Die Wand (Väggen; The Wall), Marlen Haushofer, Austria, 1963

Die Wand (Väggen; The Wall), Marlen Haushofer, Austria, 1963

A woman in her late forties is invited to spend a few days with her cousin Luise and her cousin’s husband, Hugo, at their hunting lodge in the Austrian alps. The woman (whose name we are never told) is a widow with two grown children, and even though she is not enthusiastic about hunting, she relishes the idea of a break from her normal routine. Shortly after they all arrive at the lodge, her hosts take an evening walk to the nearby village while the woman remains at the lodge with the family dog, Lo (Luchs, Lynx).

Hugo and Luise are never seen again.

While searching for her cousin the next day, the woman discovers a transparent, impenetrable wall that has locked her into her own small part of the alps; beyond the wall she is unable to see any signs of life. It slowly dawns on her that everyone must have died and that she is most probably the only person left alive. She has no idea as to what might have happened, but she is acutely aware that she must focus on surviving.

Marlen Haushofer (www.dw.com)

This amazing novel can be read on at least a couple of levels. Although some readers may see it as a dystopian nightmare where an unknown enemy has wiped out the population of Earth (all but one), others might perceive the wall as something that is more psychological than physical. Perhaps the wall is what protects us, or perhaps it is the thing that prevents us from being the person we believe we should be; perhaps protection and prevention are two parts of the same positive intervention. As the woman asks herself at some point in the story (in free translation): ‘Is it possible that the wall is simply a confirmation of my own childish fears?’

The woman is alone except for the dog, a cat and a cow. By focusing on the needs of her animals she is able to remain active and sane. After two years, she begins to keep a diary, written on the few scraps of paper she is able to find; she has no idea why she is doing it, because there is no one alive who will be able to read it. Once the paper comes to an end, the diary will also come to end. Once she is no longer able to tend her potatoes and beans, or chop her wood, or the cow can no longer give milk, she will come to an end. One lives and then one dies: she understands that the only meaning with life is to live it.

Without books, conversation or music her thoughts are her own, undistracted and unhampered. She is completely alone. The harsh environment of the alpine region where the story is set becomes one of the main characters, and the woman learns early on that she has to work in harmony with the environment in order to survive. She strives to be practical, living each day as it comes, aware that giving free rein to her imagination could make her overly sensitive, vulnerable and exposed.

Scene from the film (Music Box Films)

At the beginning of her diary, in which she recounts from memory all that has happened since the day she first arrived at the hunting lodge, we learn that the dog dies.

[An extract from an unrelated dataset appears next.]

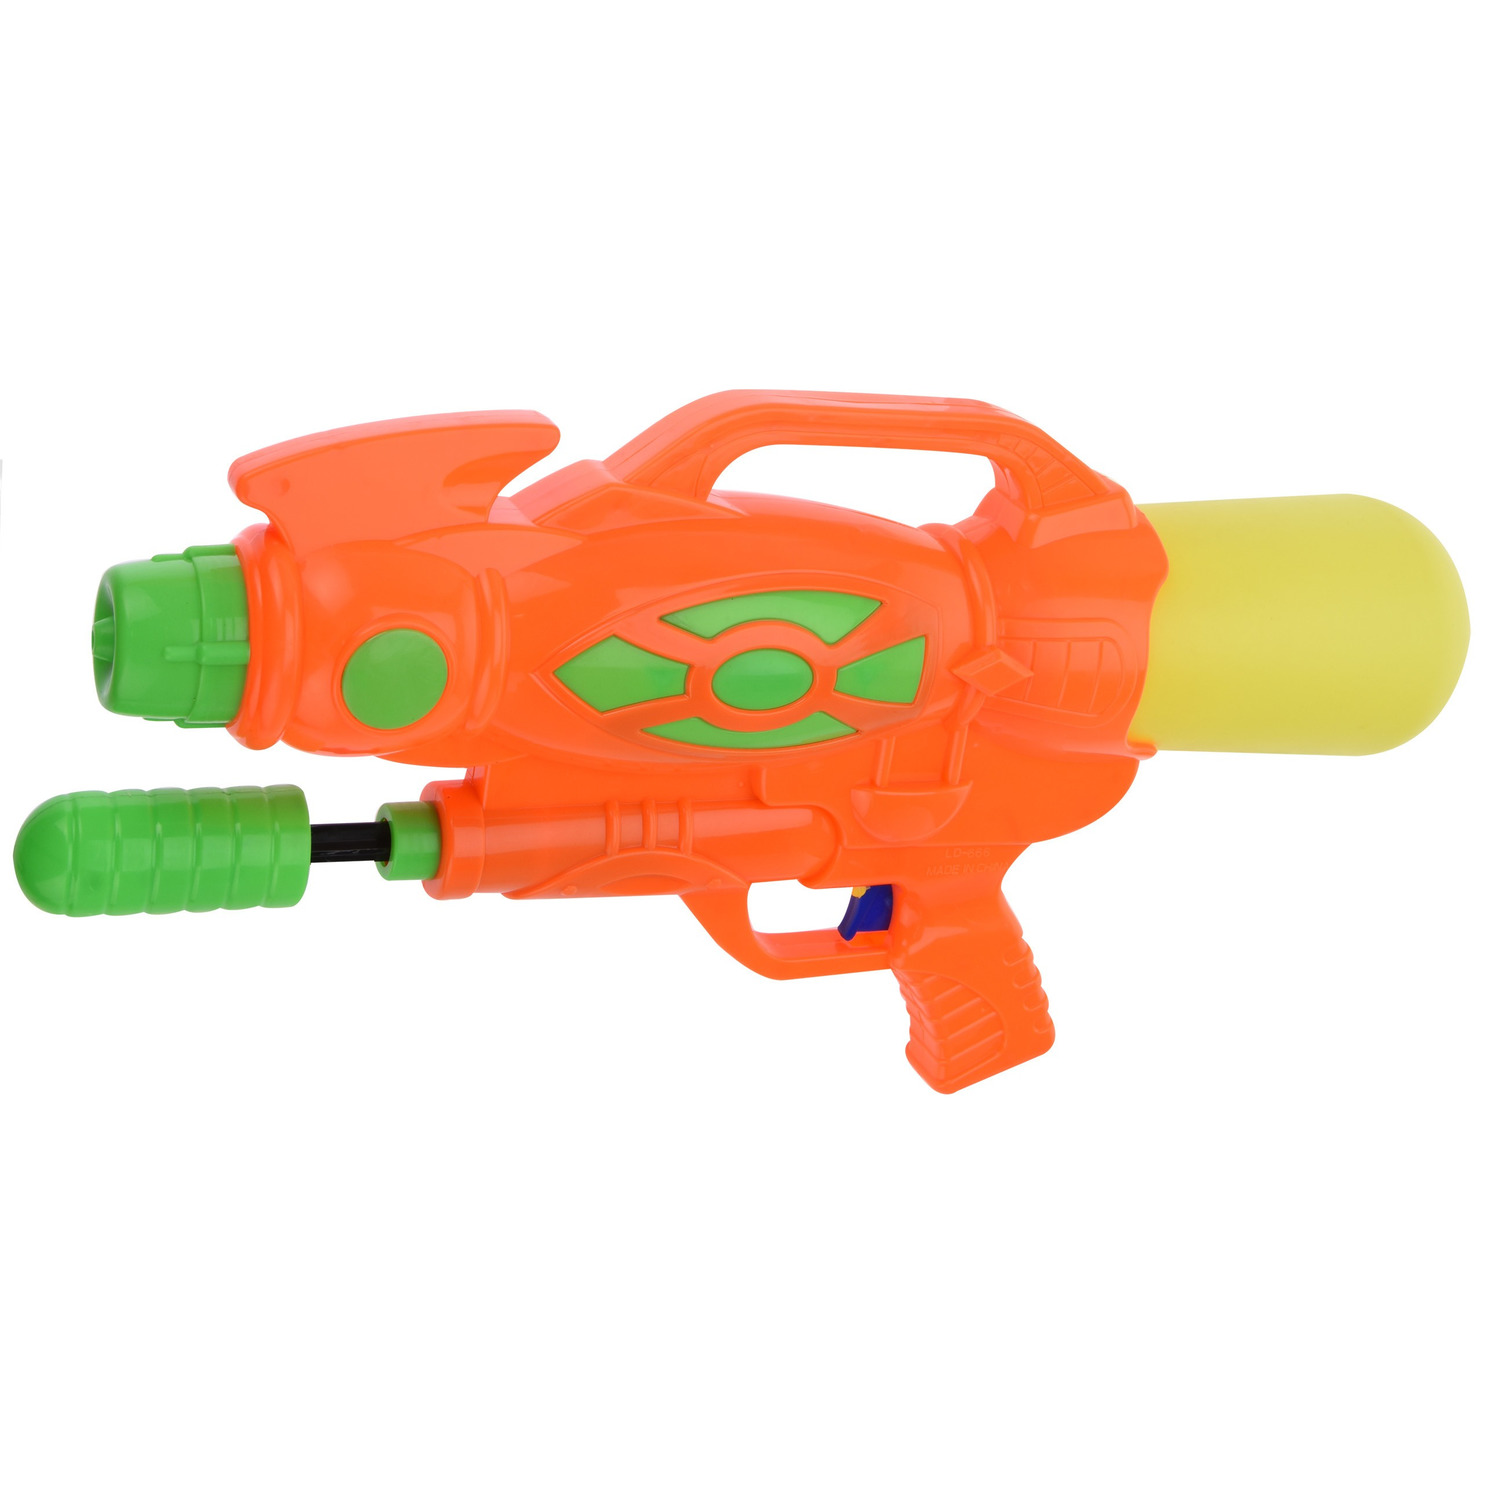 1x Waterpistolen/waterpistool oranje van 47 cm kinderspeelgoed

She does not say how or when, but she makes many references to his death, and this knowledge creates a certain tension in the novel. When he finally dies, his death instigates a change and a deep understanding in the woman. Throughout all of the book she relates to Lynx and her other animals (but especially Lynx) as she would to human beings.

For me, the animals in the story are parts of the woman that she has to understand, but from which she must also liberate herself. Although this is a book about inner loneliness and isolation as seen through the eyes of a woman, it is also a book about internal struggle and self-awareness. When she wonders what it would have been like had there been another person cut off with her behind the wall, she is thankful that she is alone. Had the other person been a man she would most probably have ended up in a subservient role, attending to his needs. Being completely on her own has given her the chance to truly be herself.

Beautifully written, this is a book that will most definitely remain with you long after you have finished the last page.